J'ai fait la mise à jour de Lion à Mavericks il y a une semaine. Avant lorsque mon mac se mettait en veille ( au bout de 10 minutes ) et qu'un téléchargement était en cours, le wifi ne se désactivait pas. Maintenant, si ! Du coup ça interrompt le téléchargement et ... je dois recommencer celui-ci à zéro.

J'ai essayé pleins de trucs ( notamment tout ce qui est ici : http://howtoapple.com/mavericks-wifi-issues-fix/ ) mais rien y fait ... le wifi se désactive à chaque mise en veille !

Si quelqu'un a eu le même problème ( apparemment je ne suis pas le seul ) et a une solution, je suis preneur !

Vous remerciant d'avance, prenez-soin de vos tulipes


----------



## FrançoisMacG (29 Avril 2014)

Bonjour, et bienvenue,


Ce n'est peut-être pas un problème de wi-fi, 
mais un simple reparamétrage à faire dans _Préférences Système > Économiseur d'énergie_ sur la mise en veille du disque ?


Sinon, deux articles récents sur wi-fi et veille en 10.9 :
- http://osxdaily.com/2014/04/24/fix-...feed&utm_campaign=Feed:+osxdaily+(OS+X+Daily)
- http://www.macworld.com/article/214...onnect-after-macbook-wakes-up.html#tk.rss_all


----------



## DimGln (29 Avril 2014)

Merci François, mais j'ai déjà essayé de modifier les paramètres d'économiseur d'énergie, ça n'a pas fonctionné ...

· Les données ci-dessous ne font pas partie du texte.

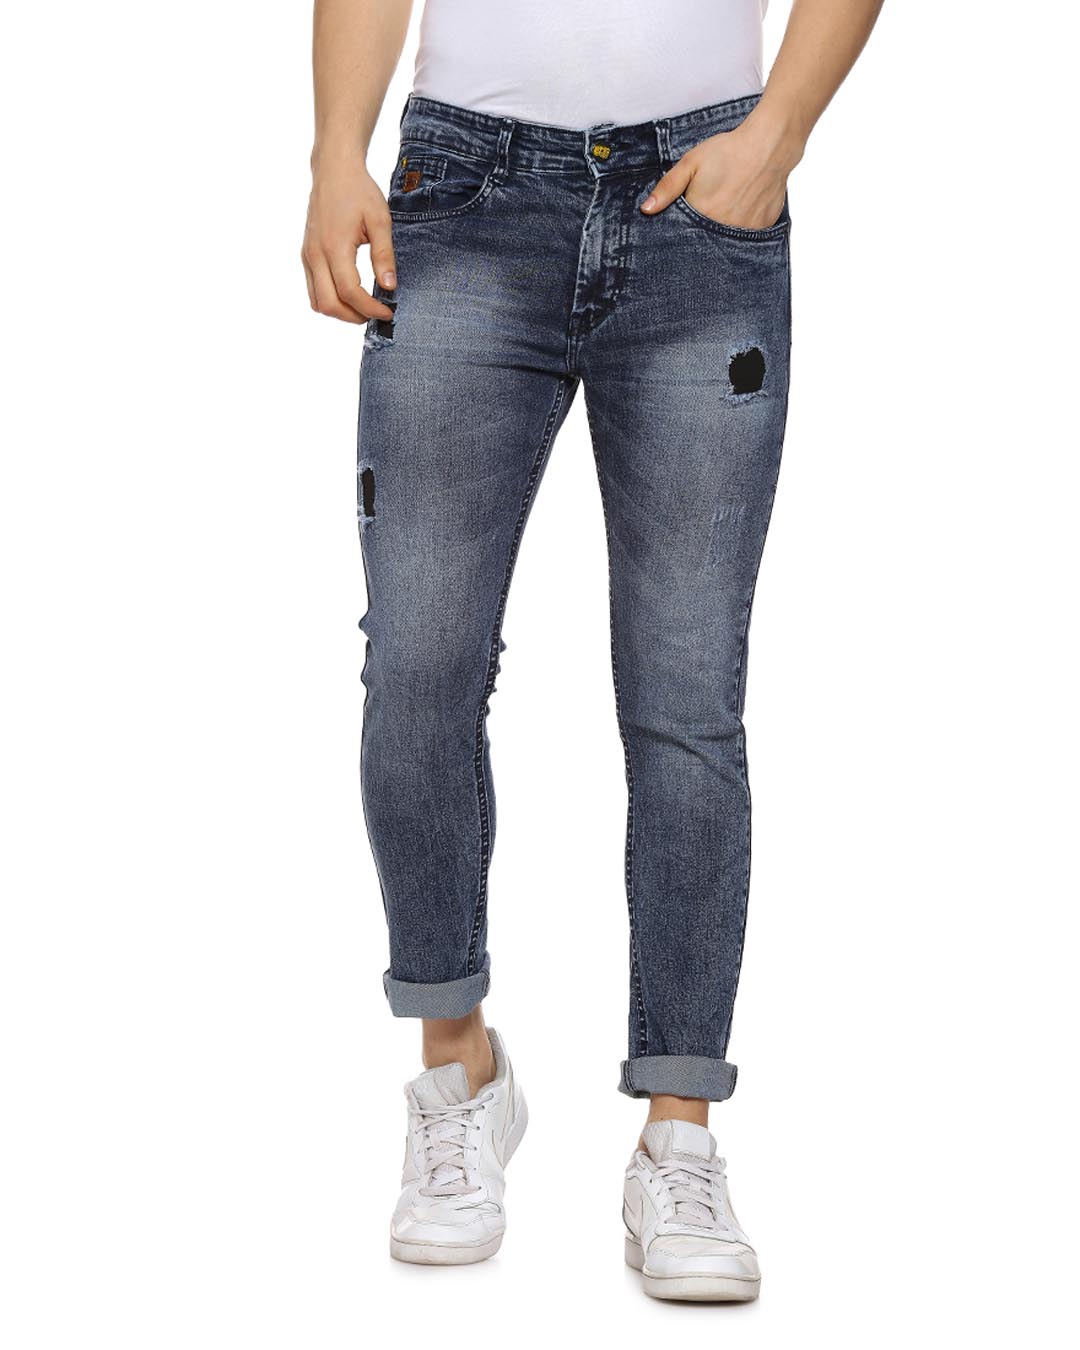 Buy Men's Slim Blue Torn Jeans Online at Bewakoof

Voici un screen quand même au cas où vous détecteriez une mauvaise configuration : http://i.imgur.com/Vn7TUQj.png


----------



## FrançoisMacG (29 Avril 2014)

DimGln a dit:


> Voici un screen quand même au cas où vous détecteriez une mauvaise configuration : http://i.imgur.com/Vn7TUQj.png


Ton ordi (et donc ton disque, ton système) se met en veille en même temps que ton écran = au bout de dix minutes.

Paramètre donc la mise en veille de l'ordi à _Jamais_ (ou au moins _3 heures_, le temps d'un gros téléchargement).


----------



## DimGln (29 Avril 2014)

Si je configure la mise en veille sur " jamais " je vais consommer plus et ça risque à long terme d'endommager l'iMac non ? Puisque je le laisse toujours allumé ...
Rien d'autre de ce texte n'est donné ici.